Trop souvent on attribue à Wittgenstein une forme de béhaviorisme qui découlerait de son rejet du concept de « processus intérieur ». Or, comme en témoigne ce passage, Wittgenstein ne s’attaque pas à l’idée selon laquelle il y aurait des processus qui se produiraient à l’intérieur de notre esprit. Wittgenstein conteste l’interprétation que certains philosophes font du concept de « se souvenir » en l’abordant à partir de l’image du ‘processus intérieur’ qui nous empêche de voir l’usage véritable que nous faisons dans la vie de tous les jours de l’expression « se souvenir ». Selon la formulation de Wittgenstein, la tâche de la philosophie consiste à nous libérer de certaines « images » qui nous mènent à négliger ou à contredire la grammaire de notre langage (PU, §402). Ainsi, ce que Wittgenstein tente de désactiver, c’est l’image que véhicule l’expression de ‘processus intérieur’ — qu’il juge néfaste et délétère. Dès lors, ce que Wittgenstein nie, ce n’est pas le processus intérieur en tant que tel, mais simplement l’image véhiculée par la notion de ‘processus intérieur’.

Baker remarque très justement que le guillemet ne représente pas le seul outil faisant office de modificateur de signification. On pourrait d’abord mentionner certains syntagmes figés tels que : « comme si », « soi-disant », « pour ainsi dire » ou « en un certain sens ». Ces dispositifs sont cependant d’une importance marginale lorsqu’on les compare à l’usage déterminant des italiques. S’il est vrai que Wittgenstein emploie à l’occasion les guillemets pour désigner son propre jargon, la plupart du temps, il fait appel à l’italique. Voici un exemple d’un tel usage des italiques : « Les mots « conformité » et « règle » sont apparentés, ils sont cousins. » (PU, §224). Dans ce passage, Wittgenstein utilise les italiques pour attirer notre attention sur le fait qu’il attribue une signification technique à ce terme. En employant les italiques, Wittgenstein renvoie implicitement le lecteur aux remarques qu’il a consacrées au concept d’air de famille. Les jeux de langage sont apparentés parce qu’ils ne possèdent pas d’éléments communs même s’ils partagent un air famille.

Il faudrait sans doute reprendre le sillon creusé par Gordon Baker et produire une analyse beaucoup plus détaillée pour bien apprécier le rôle que jouent ces stratégies typographiques dans les réflexions de Wittgenstein.
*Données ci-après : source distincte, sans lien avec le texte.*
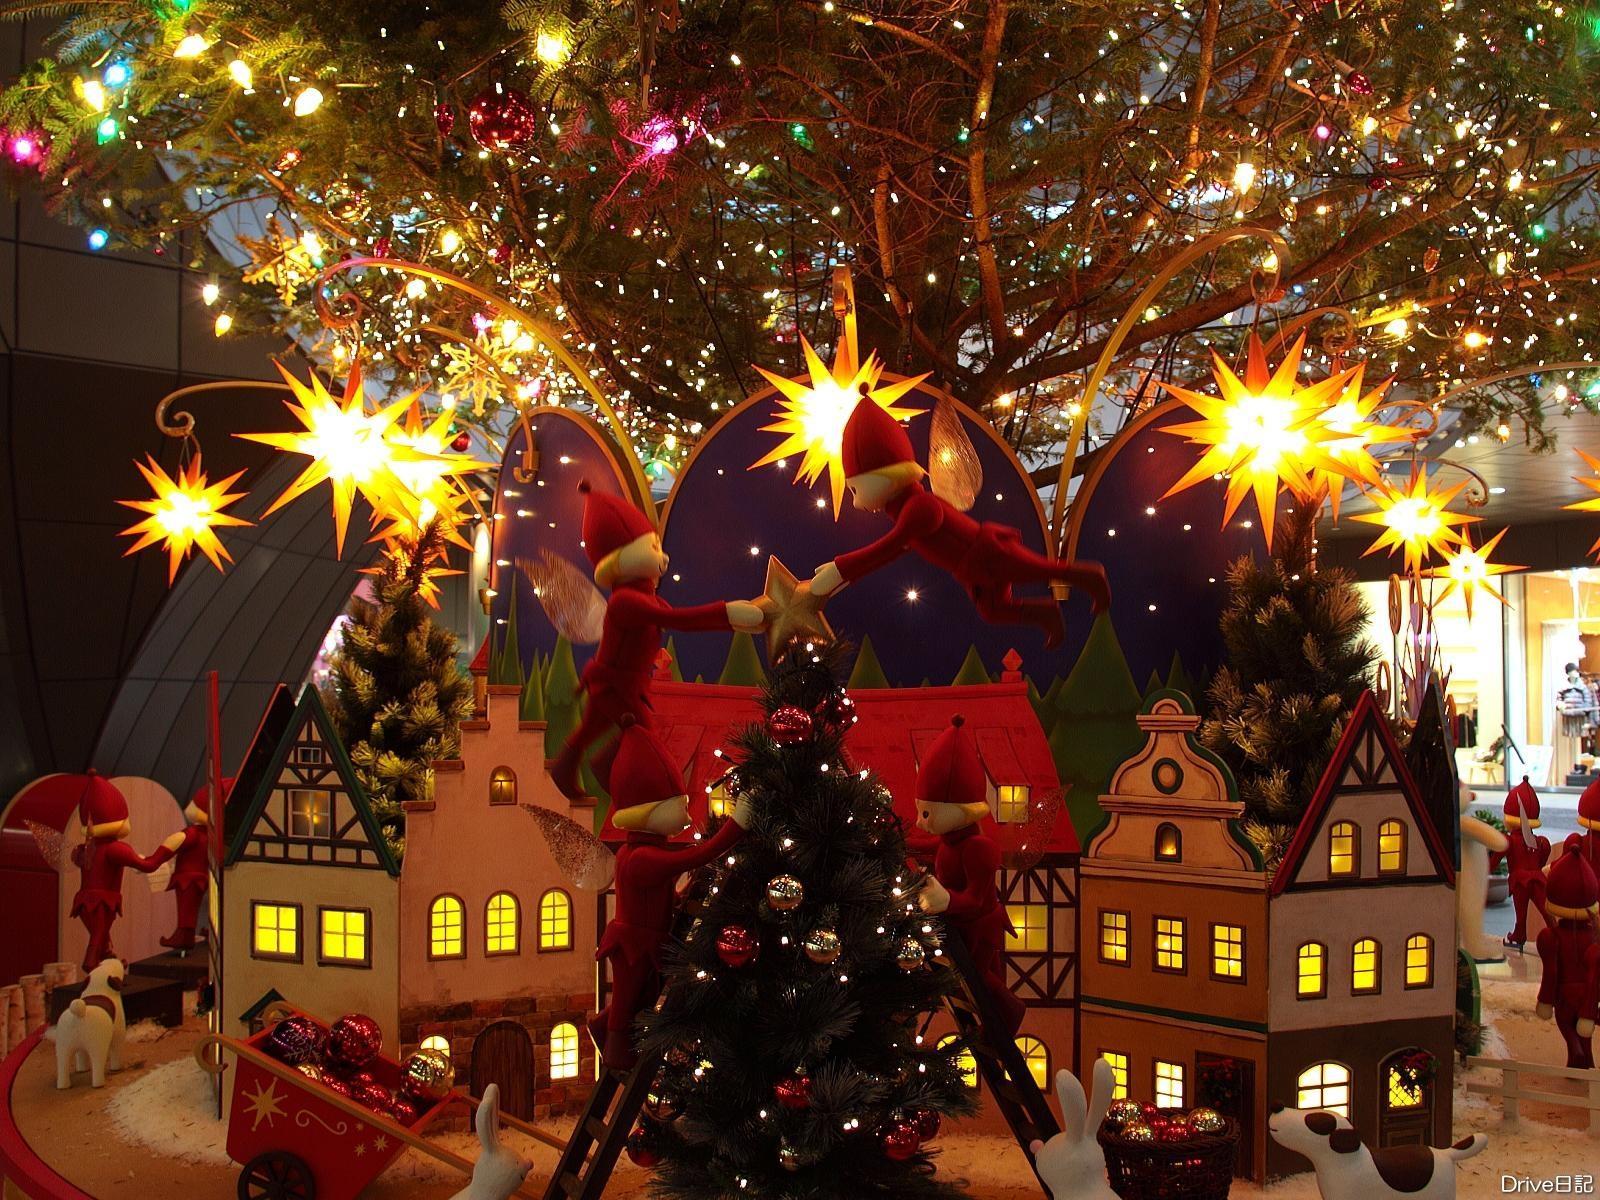 праздник поезд игрушка ель рождество новый год скачать

Malheureusement, je devrai me contenter d’énoncer la conclusion générale suggérée par les textes de Baker. Les guillemets simples et les italiques attestent le rapport complexe et ambigu que les remarques philosophiques de Wittgenstein entretiennent avec le langage ordinaire. Même si Wittgenstein ne cesse de vouloir nous ramener au commerce

ordinaire que nous avons avec les mots, il n’en demeure pas moins que son écriture fait appel à un ensemble de stratégies stylistiques et typographiques fort élaborées qui ont pour fonction de changer le regard que l’on jette habituellement sur le langage en faisant ressortir certains aspects. Cette vue aspectuelle est d’ailleurs susceptible de viser tout autant le langage extraordinaire du métaphysicien que celui que nous utilisons dans la vie de tous les jours.

Pour résumer, la philosophie ne possède pas un langage technique qui lui serait propre. Par contre, la philosophie exige bel et bien que l’on adopte une certaine attitude (critique) à l’égard du langage. Plus précisément, la philosophie nous libère de nos crampes mentales en nous incitant à faire varier le regard que l’on jette sur le langage et sa grammaire. L’activité philosophique est donc à comparer à une forme de voir-comme. Et, comme le montrent les travaux de Gordon Baker, cette conception de la philosophie se reflète dans l’écriture de Wittgenstein puisque ce dernier considère que les guillemets et d’autres dispositifs typographiques similaires sont des outils qui peuvent orienter notre regard en faisant ressortir tel ou tel aspect de notre langage.